For a long time her mother was silent. “Tomorrow will be fine.”
Faith wasn’t that surprised. Tamara had her faults, but not caring about Faith’s safety was hardly one of them. “You sure?”
“Yes, you come tomorrow evening, while it’s light. I’ll make pork chops.”
“Thanks.” Faith turned to see another man and woman appear in their doorway. These were NOPD detectives—she could tell by the world-weary looks and plain clothes. Not Roy or Butch. This was their night off. “I should probably go.”
“Wait. I won’t keep you, baby, I promise,” Tamara insisted.
“But…do you think there’s even a chance someone could have hired these men to attack you?”
The question came from so far out in left field, Faith had trouble processing it. “They attacked Evan. I just got in the way.”
“Never mind,” said Tamara quickly. “We’ll talk tomorrow night, then. You take care of yourself, promise?”
“Yes.”
“You promise.”
“Cross my heart,” Faith insisted. Then, after the requisite I-love-you’s, she turned to the detectives.
Roy’s presence hit the office like a storm front. As soon as he pushed through the doors, Faith’s head came up from where she’d been reading a poorly written form—some cops had handwriting second only to doctors. She was almost surprised that the other papers weren’t blowing off her desk.

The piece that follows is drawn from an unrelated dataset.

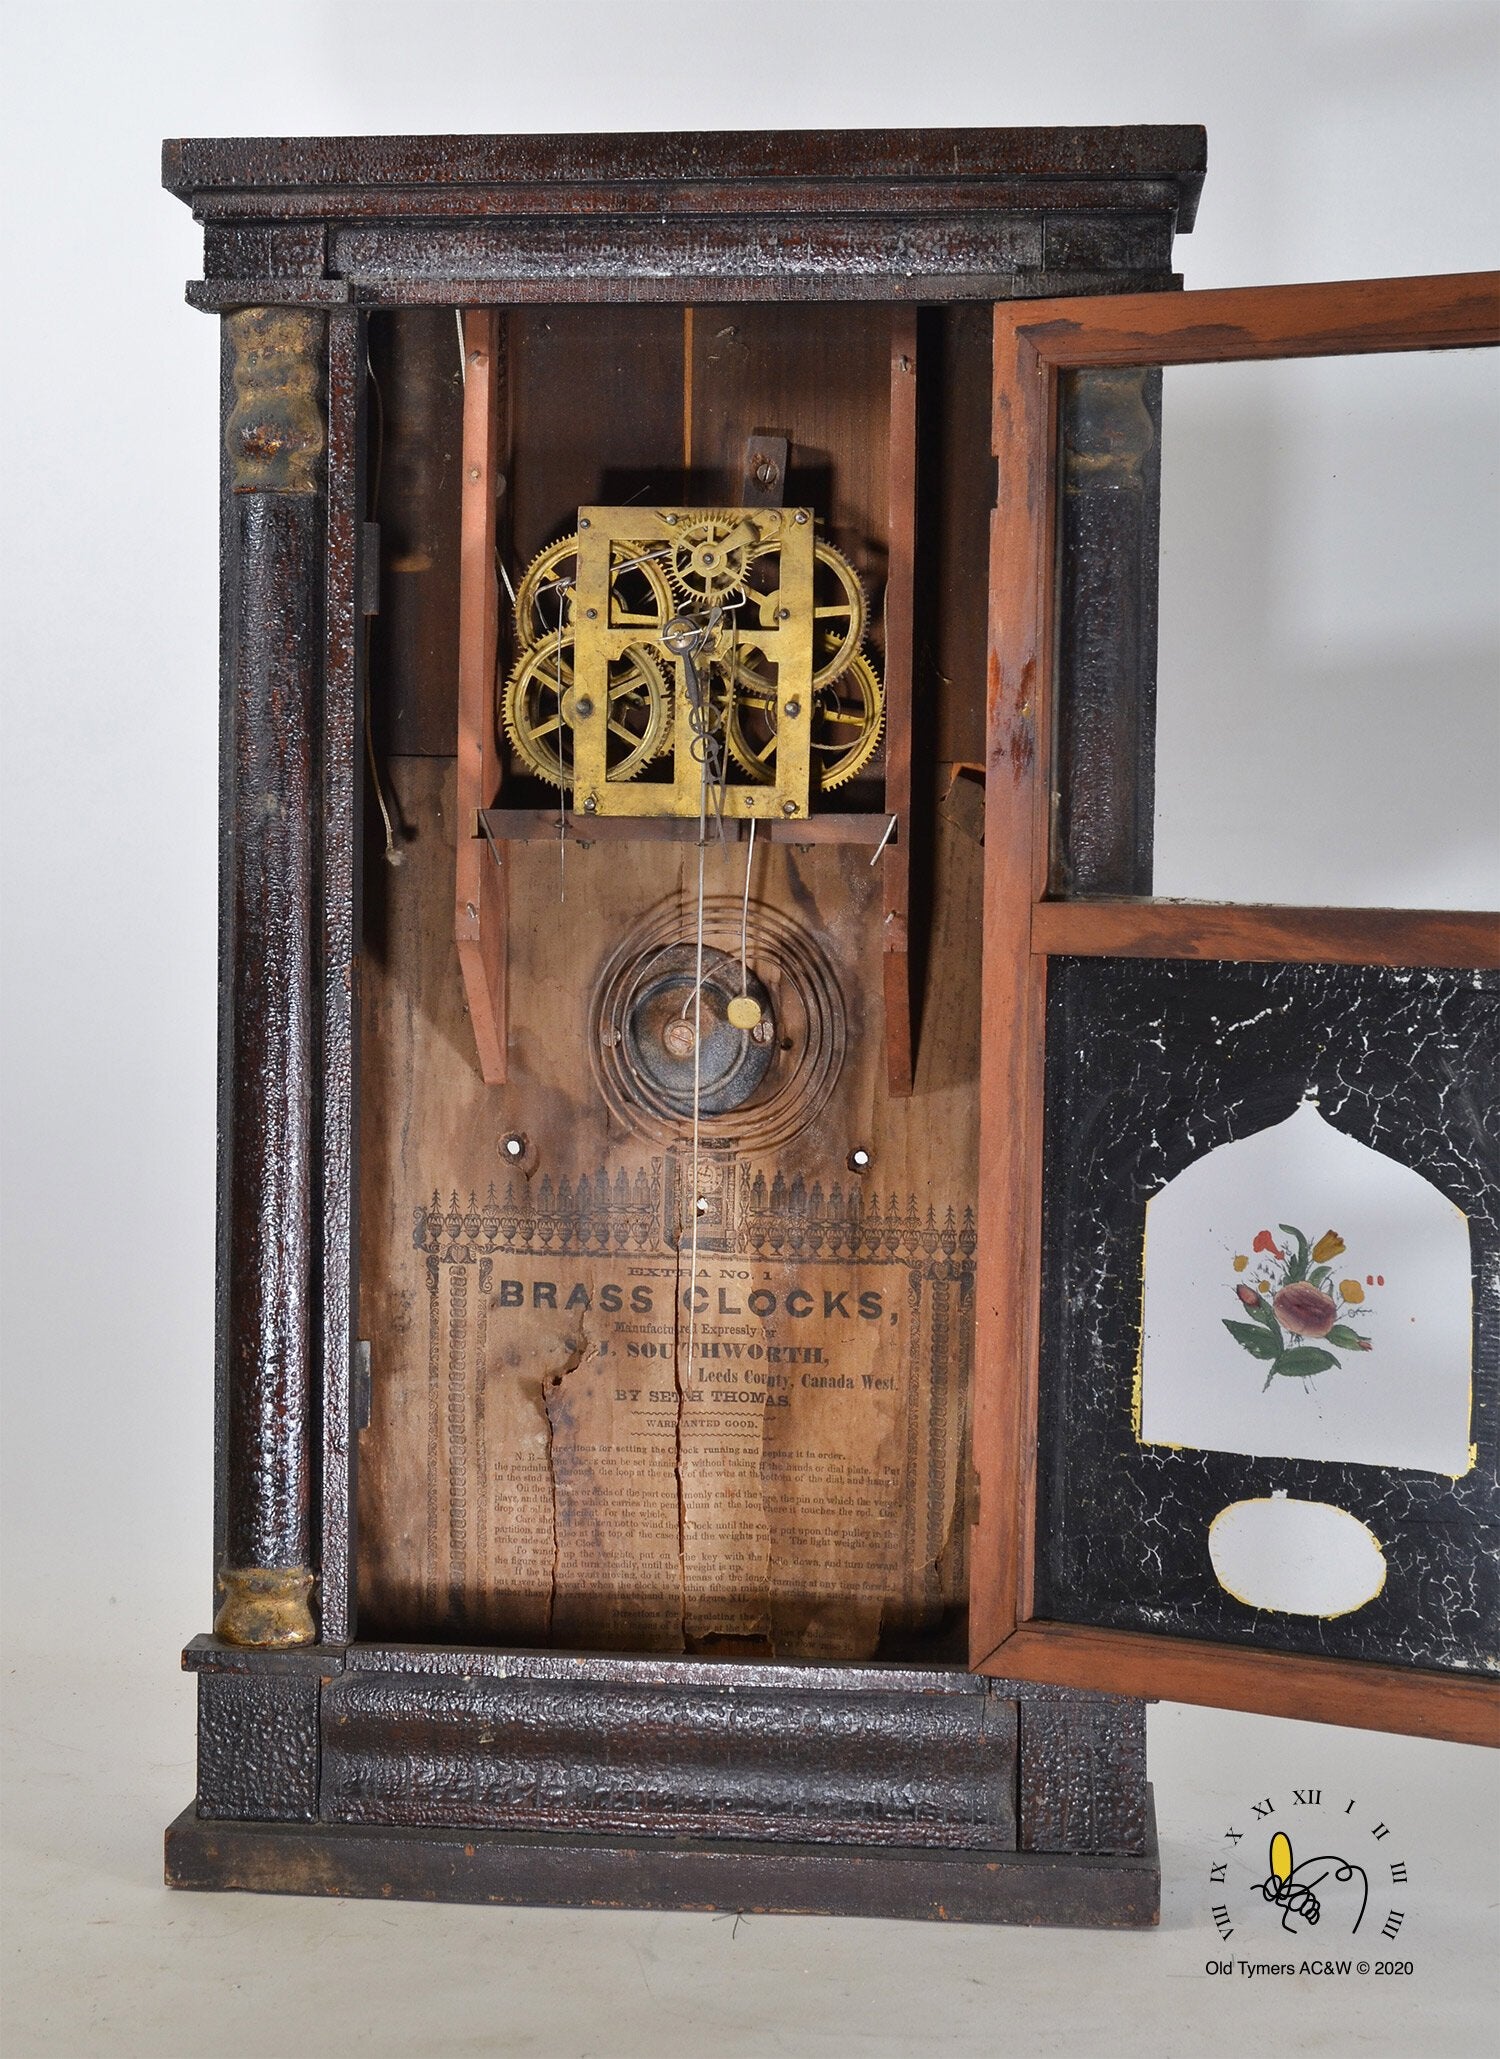 S.T. Southworth Mantel Clock
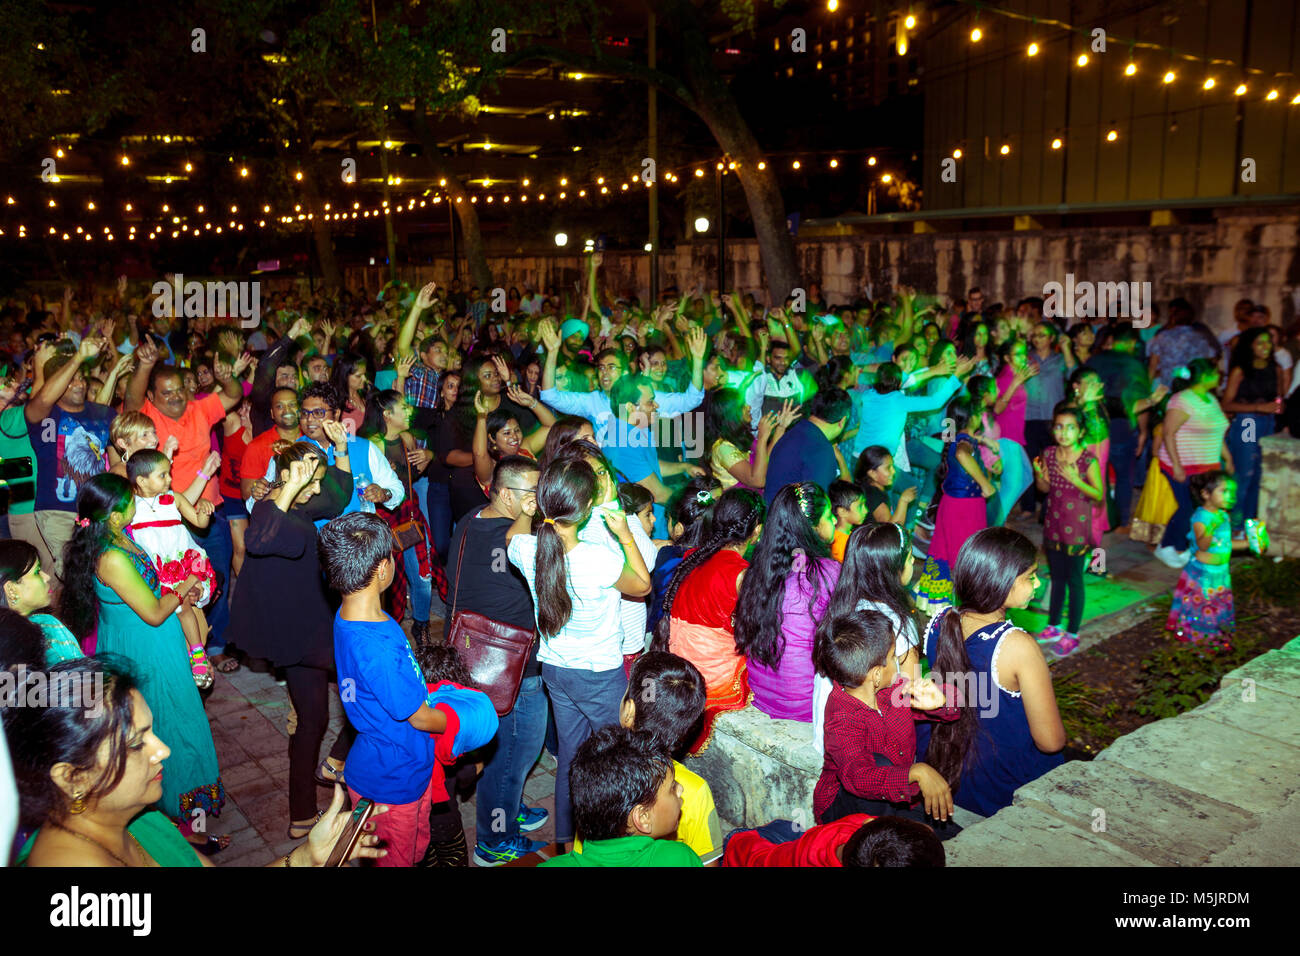 SAN ANTONIO, TEXAS - 4 novembre 2017 - Motion Blur de gens qui dansent et chantent à l'Hindou Diwali, fête des lumières, l'un des plus populaires festi Banque D'Images

“So I go by the department gym to lift some weights before shift,” announced Detective Chopin to her, as if they’d been in the middle of a conversation. He grabbed someone’s desk chair as he stalked by, whirled it in a circle, planted it in front of Faith’s desk and straddled it from behind. He braced his forearms across the chair back, leaned over them and fixed Faith with that deep gaze of his. “This beat cop from third shift’s working off his night. He says, ‘Wait till you hear this one. This little blond number, she takes down five gangbangers.’ He describes the whole thing. We’re both laughing, ha ha, at the idea of some cutie wiping the floor with these delinquents.”
Faith knew he was describing her, but she waited for the punch line, watching those eyes. And those wrists. And those fresh-from-the-gym arms. He’d showered after his workout; she could smell his fresh deodorant soap along with the coffee. His hair was still damp. She felt an internal fluttering again, half-push, half-pull. He made her uncomfortable, and she still wasn’t sure what to do with that.
Roy’s fake expression of amusement sobered, just like that. “Then he tells me the address,” he growled.
She shrugged.
“I say, ‘Hey, I think she’s the one who stood me up last night.’ He says, ‘That should be a relief.’”
“I didn’t stand you up,” Faith pointed out. “I called first.”
“Yeah, that makes it all better. You took down five gangbangers?”
“No, I took down three gangbangers. One of them wasn’t fighting us, and Evan knocked another one over.”
“Oh.” His taut nod radiated sarcasm. “Well, that’s different.”
“Why are you angry at me?”
“’Cause the way I read the report, you could’ve just stepped back inside and called 9-1-1.”
“And left Evan alone with them? That’s no alternative at all. He’s the one they were after.”
“I’m thinking not for long they weren’t.”
“You’re interrupting my work,” Faith announced, and turned back to her data entry.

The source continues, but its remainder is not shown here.